_Problem statement:_ From the line containing "Page 3 Walkman" to the last line of the data, both included, transcribe each line exactly, leaving out pictures and adding nothing.

_Information provided:_

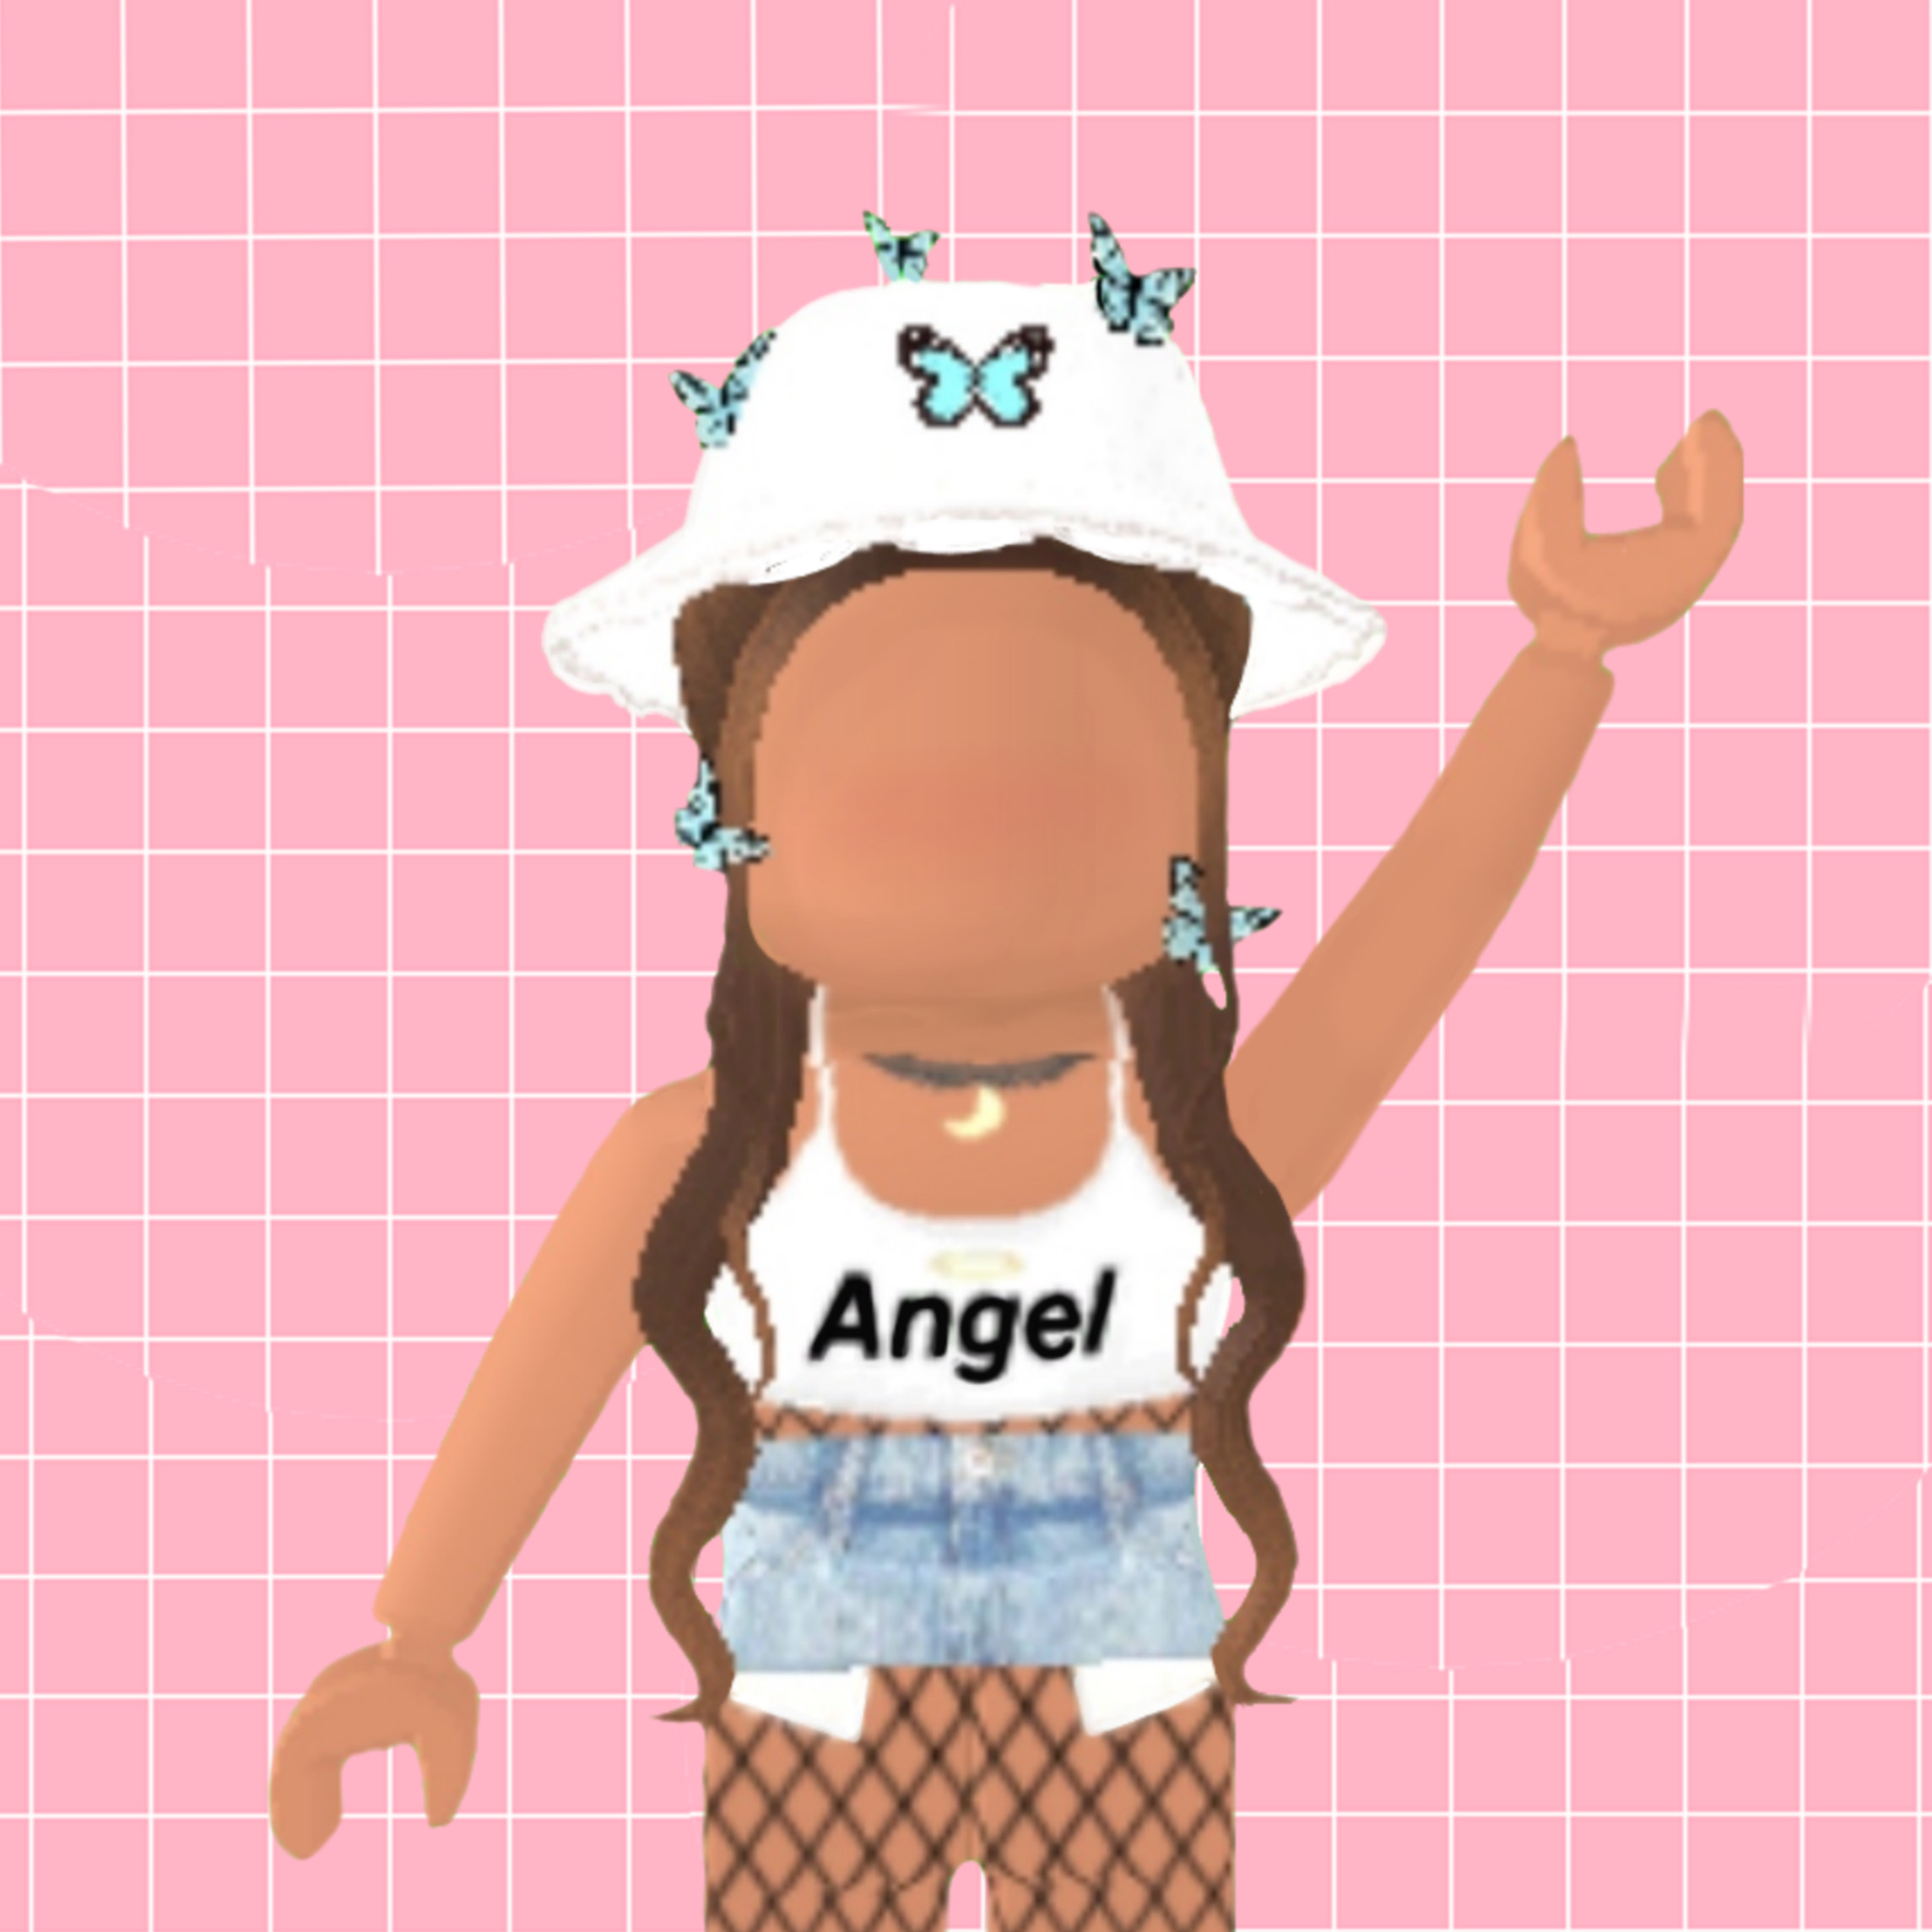 Roblox Angle Butterfly Blue Image By 𝕃𝕠𝕧𝕝𝕖𝕪 - roblox blue aesthetic awe image by 𝕃𝕠𝕧𝕝𝕖𝕪
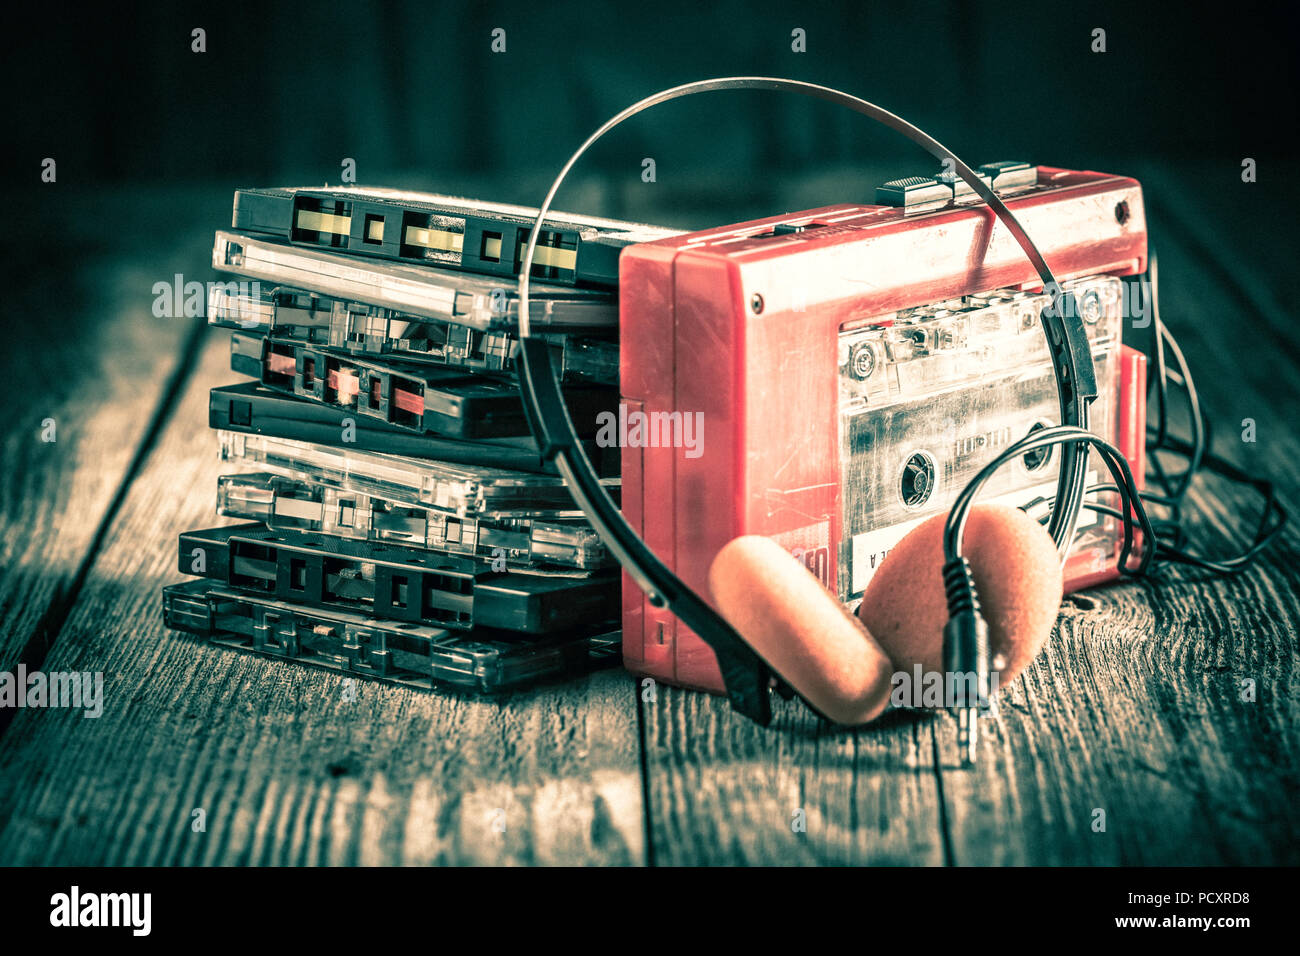 Page 3 Walkman 80s High Resolution Stock Photography And Images Alamy
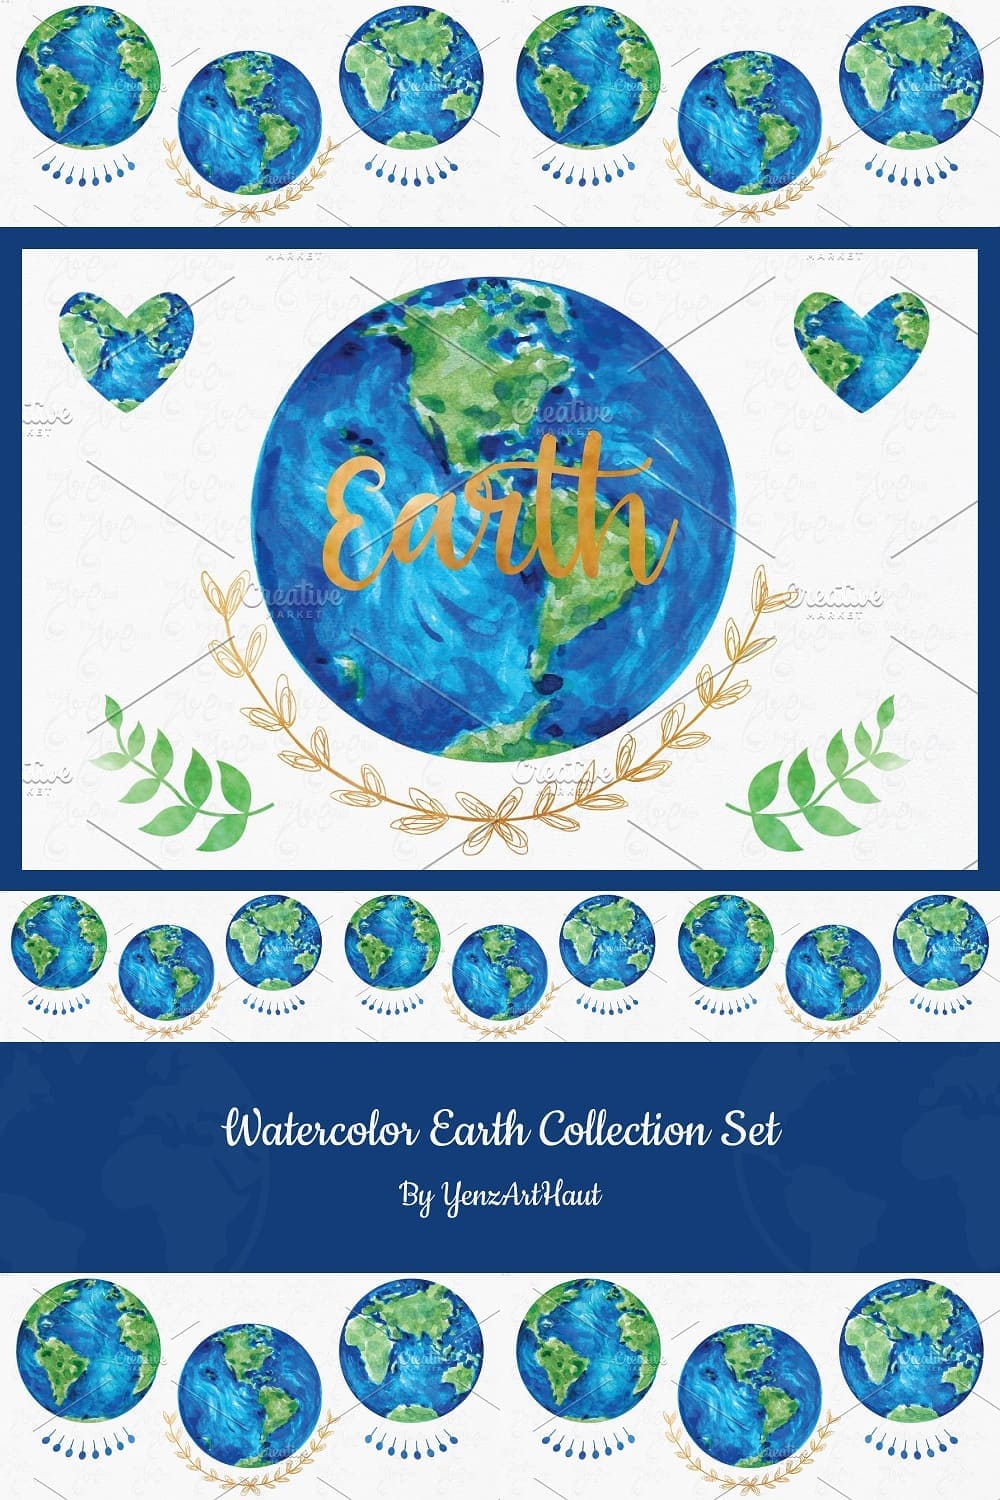 A collection of watercolor planets Earth of various sizes.

_Answer to the problem:_
 Page 3 Walkman 80s High Resolution Stock Photography And Images Alamy
 A collection of watercolor planets Earth of various sizes.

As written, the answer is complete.